Find the average mass transfer coefficient

We can now determine the average mass transfer coefficient (\(k_v\)) using the molar concentration difference between the inlet and outlet, and the partial pressure difference: \(k_v = \frac{C_{v_{out}} - C_v}{10 \mathrm{kPa} - 2.72 \mathrm{kPa}} = 4.15 \times 10^{-3} \mathrm{m/s}\)

Calculate the log-mean driving force

The log-mean driving force for mass transfer is given by the following formula: \(LDF = \frac{(C_{v_{out}} - C_v)}{\ln{(\frac{C_{v_{out}}}{C_v})}}\) \(LDF = \frac{0.0271 \,\mathrm{mol/m^3}}{\ln{(\frac{0.0372}{0.0101})}} = 0.0185 \,\mathrm{mol/m^3}\)

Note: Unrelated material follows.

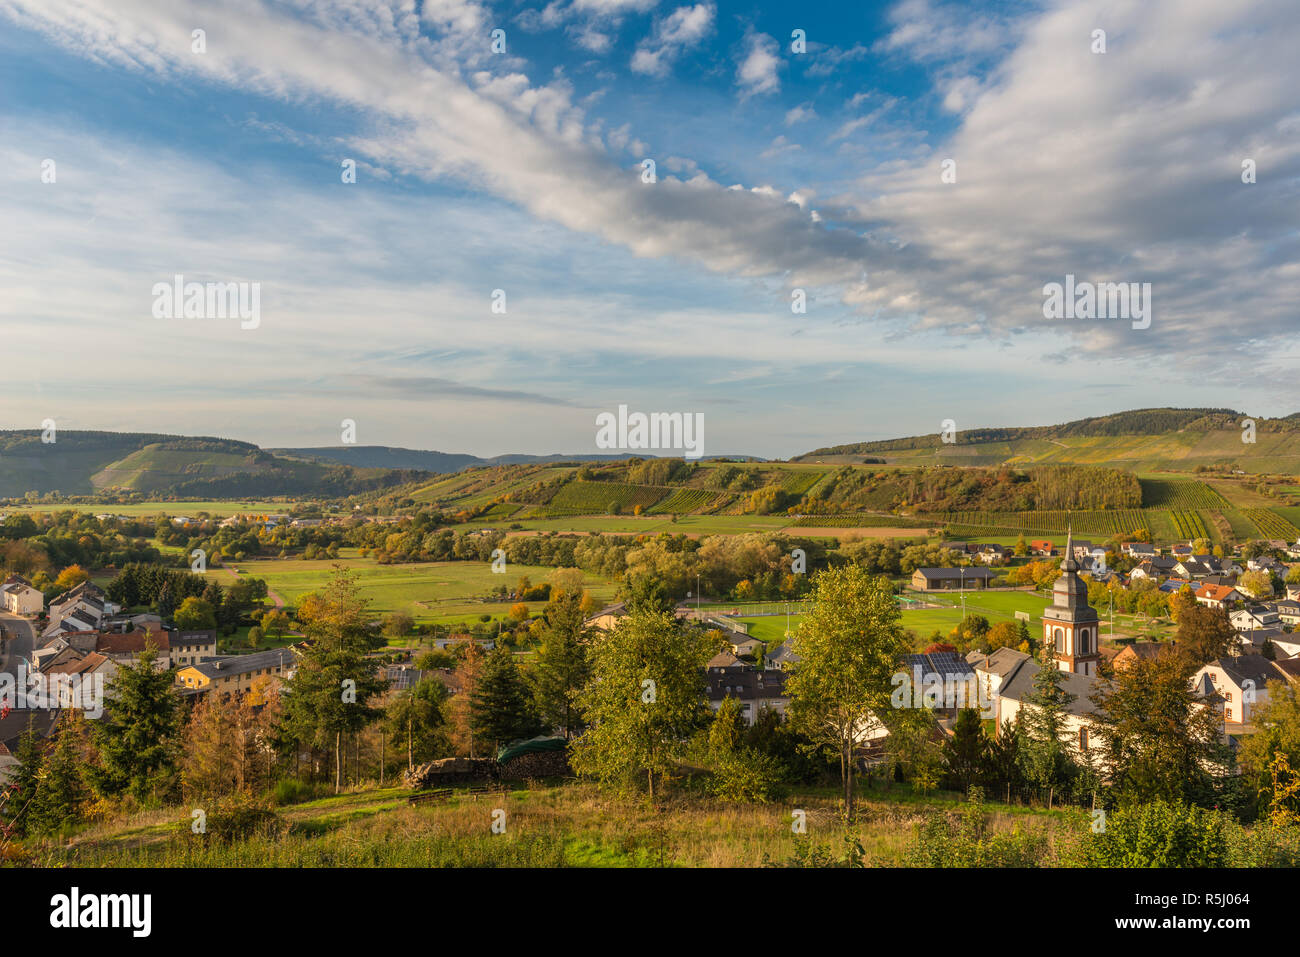 La aldea de Irsch, Saarburg, en medio de los viñedos y el paisaje montañoso de Rhineland-Palantine, Alemania, Europa Foto de stock

Determine the evaporation rate

The water evaporation rate can be found using the mass transfer coefficient and the log-mean driving force: \(Evaporation \, Rate = k_v \times LDF \times Area\) Observing the given diameter of the tube, we can calculate the area: \(Area = \pi (\frac{0.05\,\mathrm{m}}{2})^2 = 0.00196\,\mathrm{m^3}\) \(Evaporation \, Rate = (4.15 \times 10^{-3}\,\mathrm{m/s}) \times (0.0185\,\mathrm{mol/m^3}) \times (0.00196 \,\mathrm{+m^2}) = 1.58 \times 10^{-7}\,\mathrm{mol/s}\) To convert the evaporation rate into \(\mathrm{kg/h}\), we multiply by the molar mass of water: \(Evaporation \, Rate (kg/h) = (1.58 \times 10^{-7}\,\mathrm{mol/s}) \times (18.015\,\mathrm{g/mol}) \times (\frac{3600\,\mathrm{s}}{1\,\mathrm{h}})\times (\frac{1\,\mathrm{kg}}{1000\,\mathrm{g}})= 0.0103\,\mathrm{kg/h}\)

Calculate the length of the tube

We can now find the length of the tube using the evaporation rate and the mass transfer rate: \(Length = \frac{Evaporation \, Rate}{k_v \times LDF \times Velocity}\) \(Length = \frac{0.0103\,\mathrm{kg/h}}{(4.15 \times 10^{-3}\,\mathrm{m/s}) \times (0.0185\,\mathrm{mol/m^3}) \times (6\,\mathrm{m/s})}= 34.1\,\mathrm{m}\) So, the results are as follows: a) The average mass transfer coefficient is \(4.15 \times 10^{-3}\,\mathrm{m/s}\). b) The log-mean driving force for mass transfer is \(0.0185 \,\mathrm{mol/m^3}\). c) The water evaporation rate is \(0.0103\,\mathrm{kg/h}\). d) The length of the tube is \(34.1\,\mathrm{m}\).